Shale drillers spending most of their cash paying off high debt

HOUSTON — After a credit-fueled energy boom and a punishing downturn, U.S. shale drillers now spend the vast majority of their operating cash flow paying off the debt they took out to expand their drilling.

The U.S. Energy Information Administration says in the second quarter, 83 percent of domestic oil companies’ operating cash flow went to paying off debt balances as their cash piles shrink because of cheap crude.

That compares to 58 percent in the second quarter of 2014 and about 44 percent in early 2012. Over the last five years, oil companies have collected more than $250 billion in risky junk bonds to extract millions of barrels of crude from shale rock in Texas and North Dakota, eventually leading to a global oil glut that has cut the price of oil by more than half.
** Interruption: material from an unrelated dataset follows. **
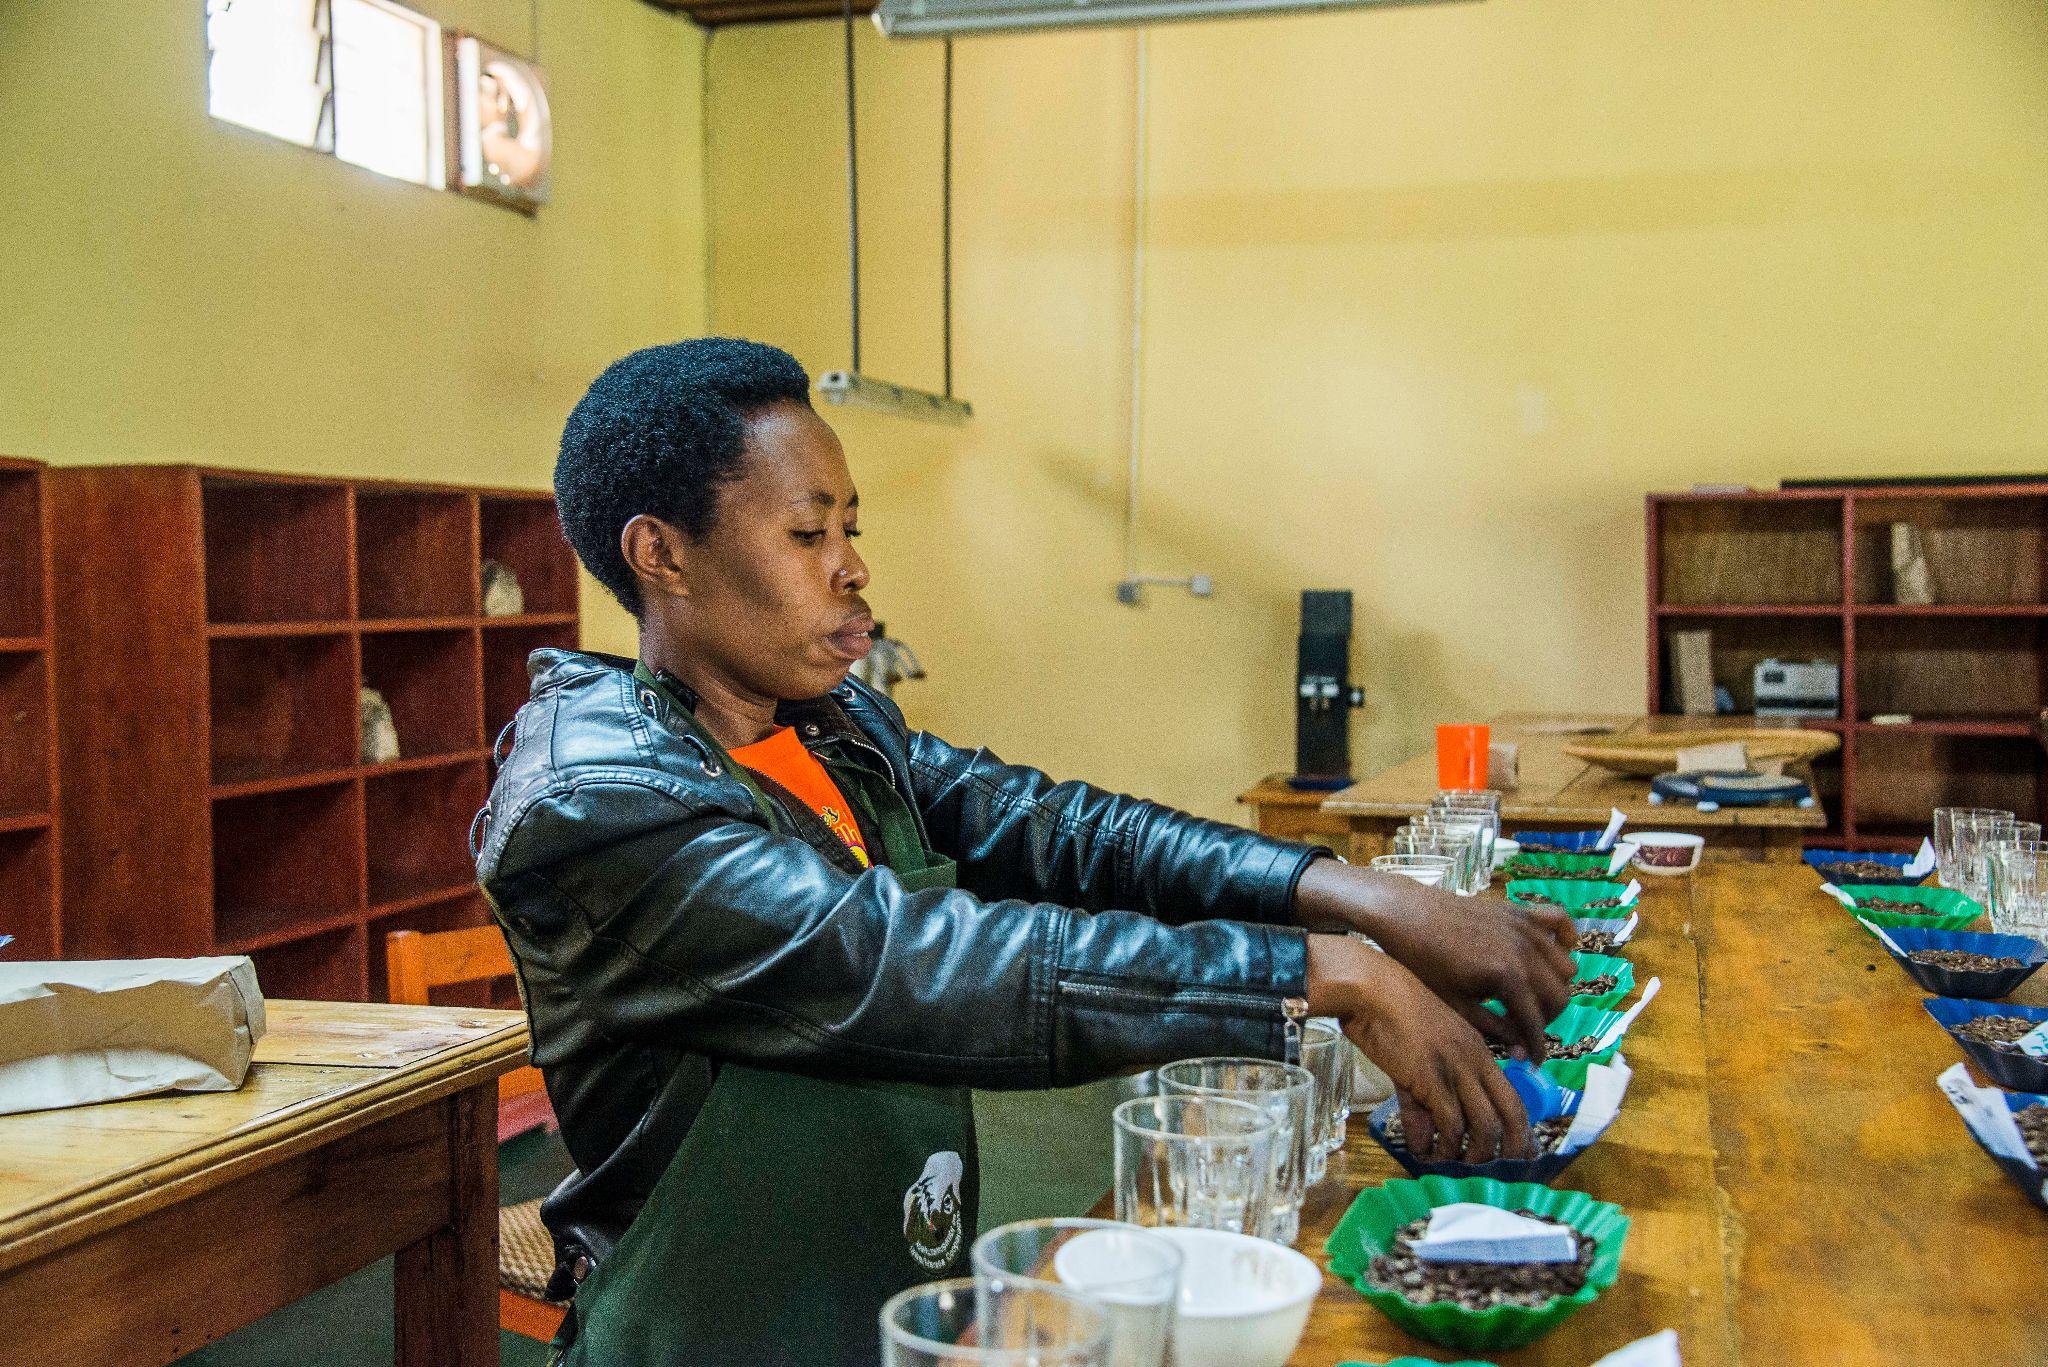 Kaffee Kooperative Um9L0OwxfHY XFi5Ksv9psY46mIgSTyZZbwVekuj896l4al9w31eEc0kUJAuCE31O4jZr

“Low oil prices have significantly reduced cash flow for U.S. oil producers, and to adjust to lower cash flows, companies have reduced capital expenditures and raised more cash from debt and equity,” the EIA said.

“As the share of debt repayment to operating cash flow increases, a company is left with less cash to use for investment opportunities, dividends or savings for future use.”

Related: More oil driller defaults coming as banks restrict lending

If oil prices stay low next year, it could get worse. North American oil explorers have only hedged about 11 percent of their oil production in 2016. That’s well below the 28 percent of oil production they’ve hedged in the third quarter of this year, according to research firm IHS.